Short & Shivery
- Author: Robert D. San Souci
- Illustrator: Katherine Coville Jacqueline Rogers
- Country: United States
- Language: English
- Genre: Horror, children's
- Publisher: Yearling Books
- Published: 1987-1998

= Short & Shivery =

Horror short stories for children

Short & Shivery, also known as Short & Shivery: Thirty Chilling Tales, is a series of scary short-story children's books, published between 1987 and 1998 and written by author Robert D. San Souci. The anthology series spawned several sequels throughout an 11-year span. Each book contained 30 tales from America and around the world, including classics by various famous authors throughout history.

==Overview==
Selected from international ghost folklore, each volume contains 30 stories, specifically retold by author Robert D. San Souci for younger readers. Each book contains a mixture of classic and contemporary tales, including several American classics, all accompanied by illustrations by Katherine Coville and Jacqueline Rogers.

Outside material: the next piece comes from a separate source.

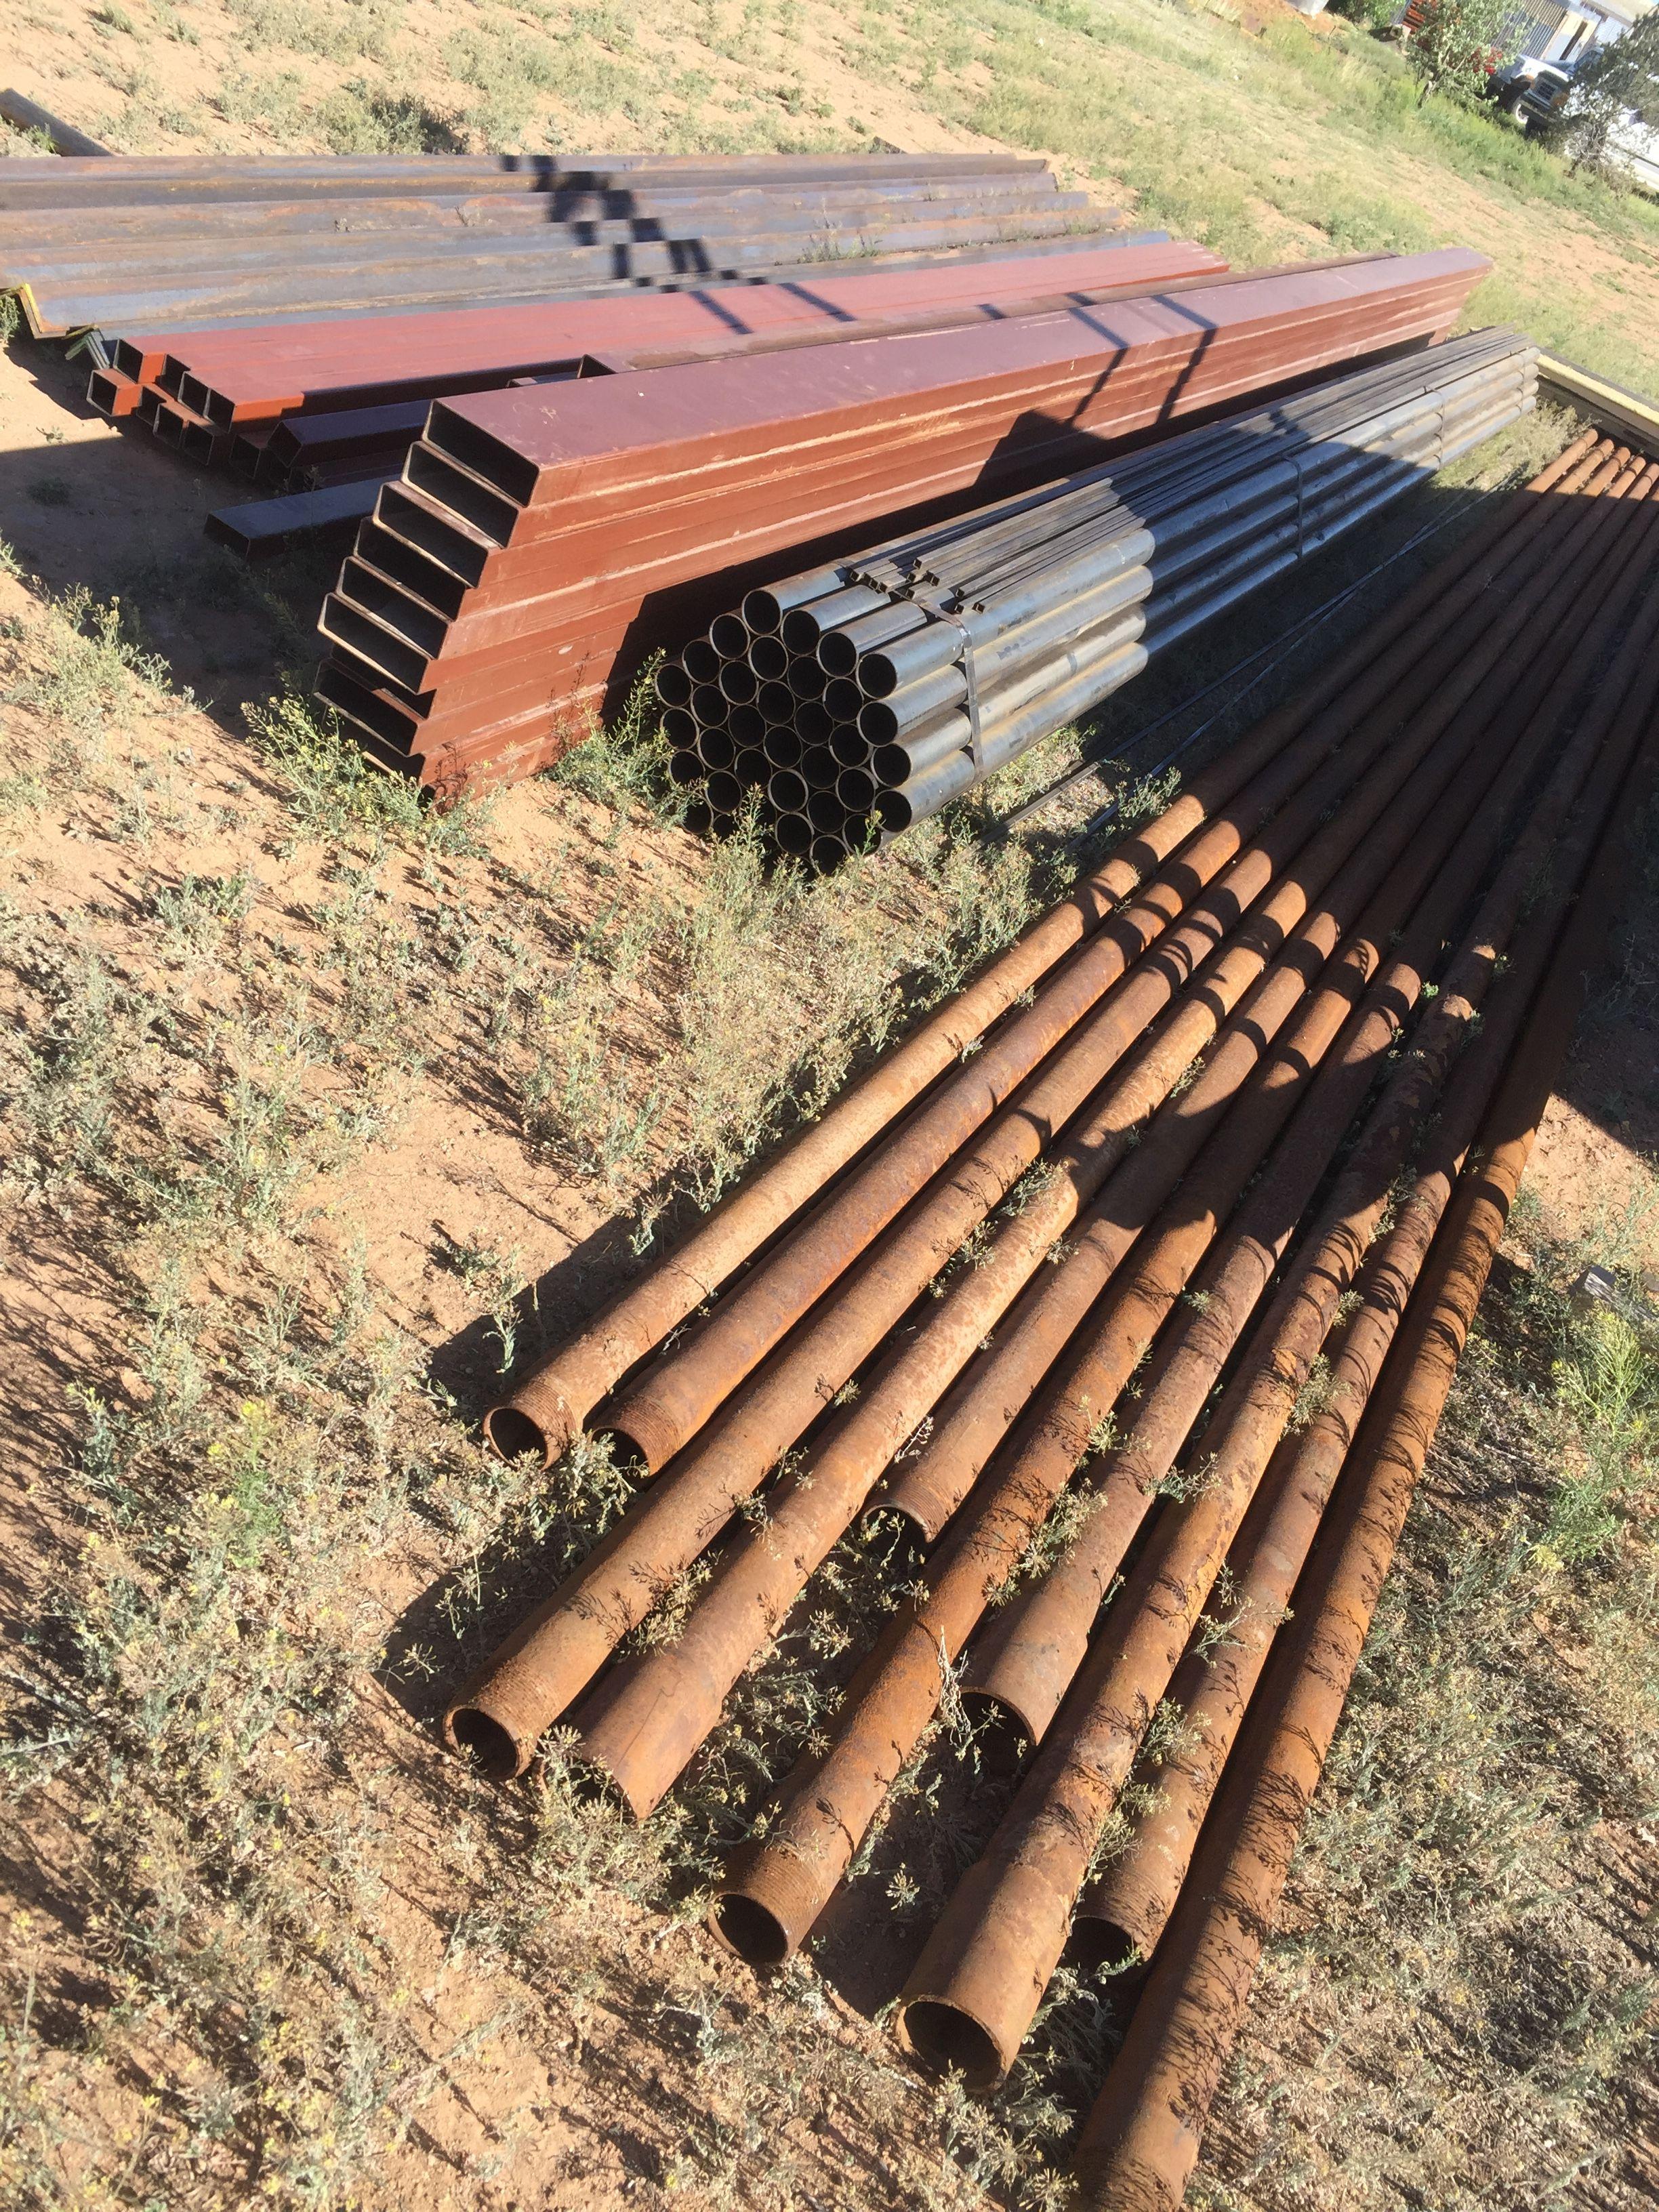 Pin On Cactus Ranch 62 Cedar Road Santa Fe New Mexico 87508 Mark Vercruysse

It includes stories by the Brothers Grimm, Nathaniel Hawthorne, Washington Irving and Charles Dickens.

The series produced several sequels and were later collected into a compilation book, Giant Short & Shivery. Audiobook versions of the first three volumes have since been released on cassette and compact disc, narrated by Mark Hammer.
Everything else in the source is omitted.